FIFO and Moving Average calculation difference
FIFO and Moving Average calculation difference
Valuation The cost of making a product accessible for sale, including freight, labor, the cost of raw materials, etc., is factored into the rate of an item.
Based on the valuation technique chosen for the specific item, ERPNext calculates the valuation rate. Moving Average or FIFO can be chosen as the value method for an item.
To understand how it affects your stock, take a look at the following example:
How to Determine the Valuation Rate at Sale Time:
As per FIFO:
Due to FIFO, we must use quantities from the earliest transactions in order to make sales. As a result, in order to make a sale of 15 quantities, we must use 10 quantities from the first transaction and 5 quantities from the second.

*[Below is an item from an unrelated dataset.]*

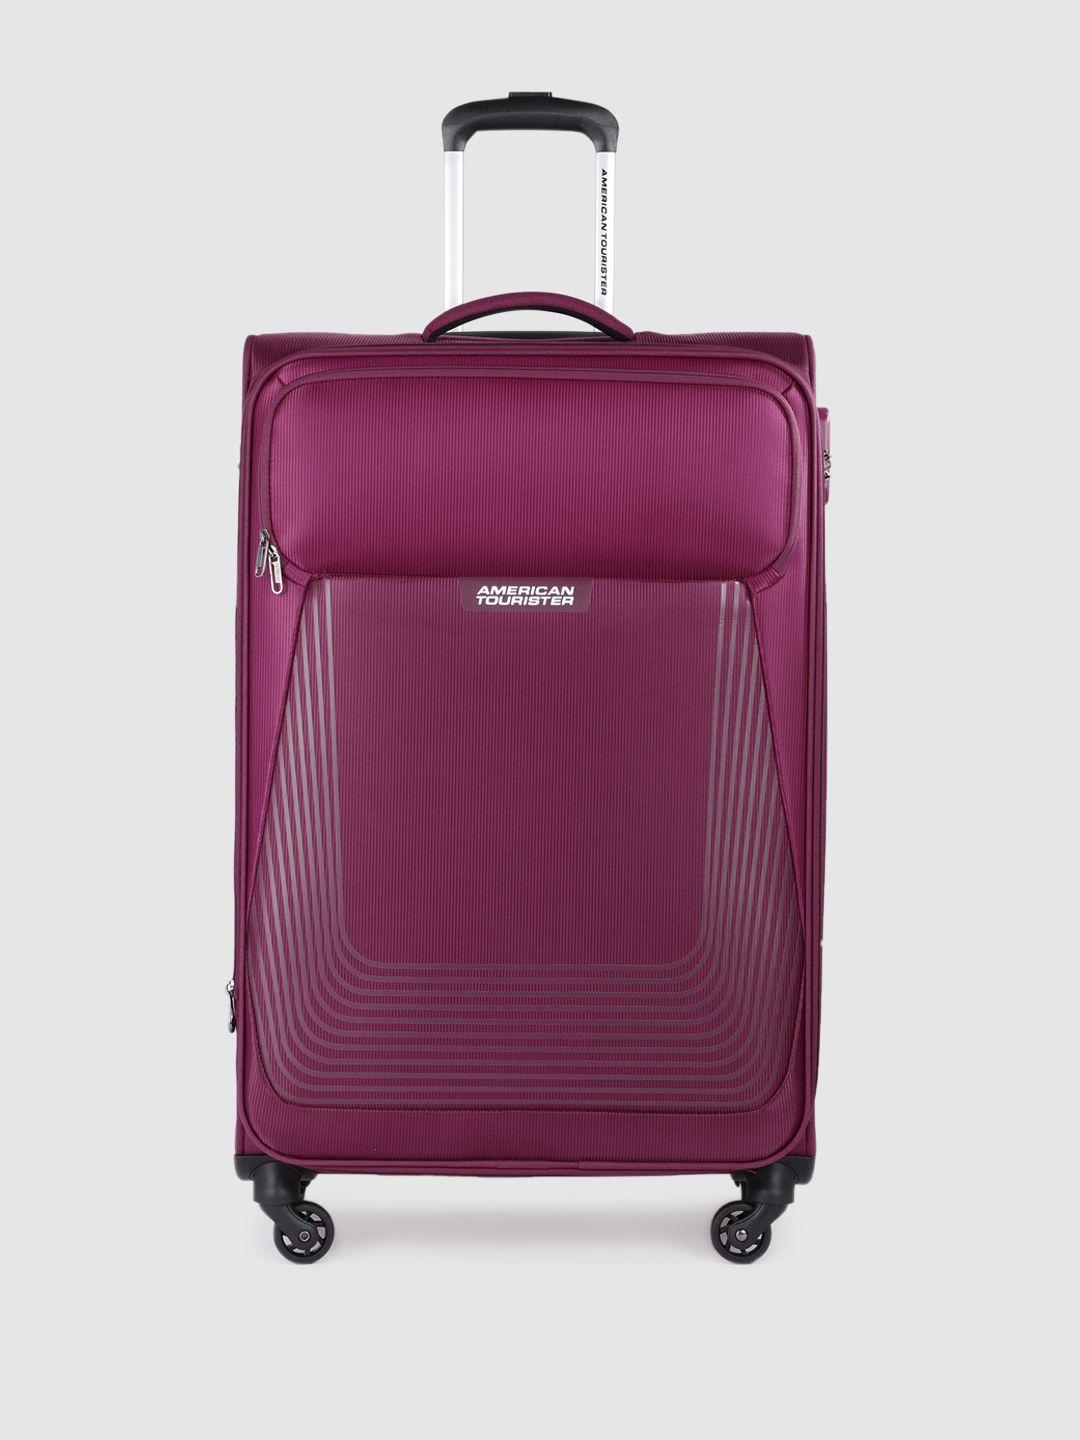 american tourister striped large trolley suitcase

(10 * 100) plus (5 * 120) equals 1600, leaving us with 15 quantities at a cost of 120, or 1800.
As per Moving Average:
When using the Moving Average approach, each time an item is acquired, its value is reassessed. For this, the value of the current inventory is increased by the cost of the recently purchased goods, and the value is then divided by the total number of available items.
((10 * 100) + (20 * 120)) / 30 = 113.33
We will just multiply the average value we just received by 15 quantities to make the deal. We have 15 qty in stock, which works out to be 15 * 113.33 = 1700.
If you check, the stock value is different even though the quantity is the same, yet both only add up to 3400 in total.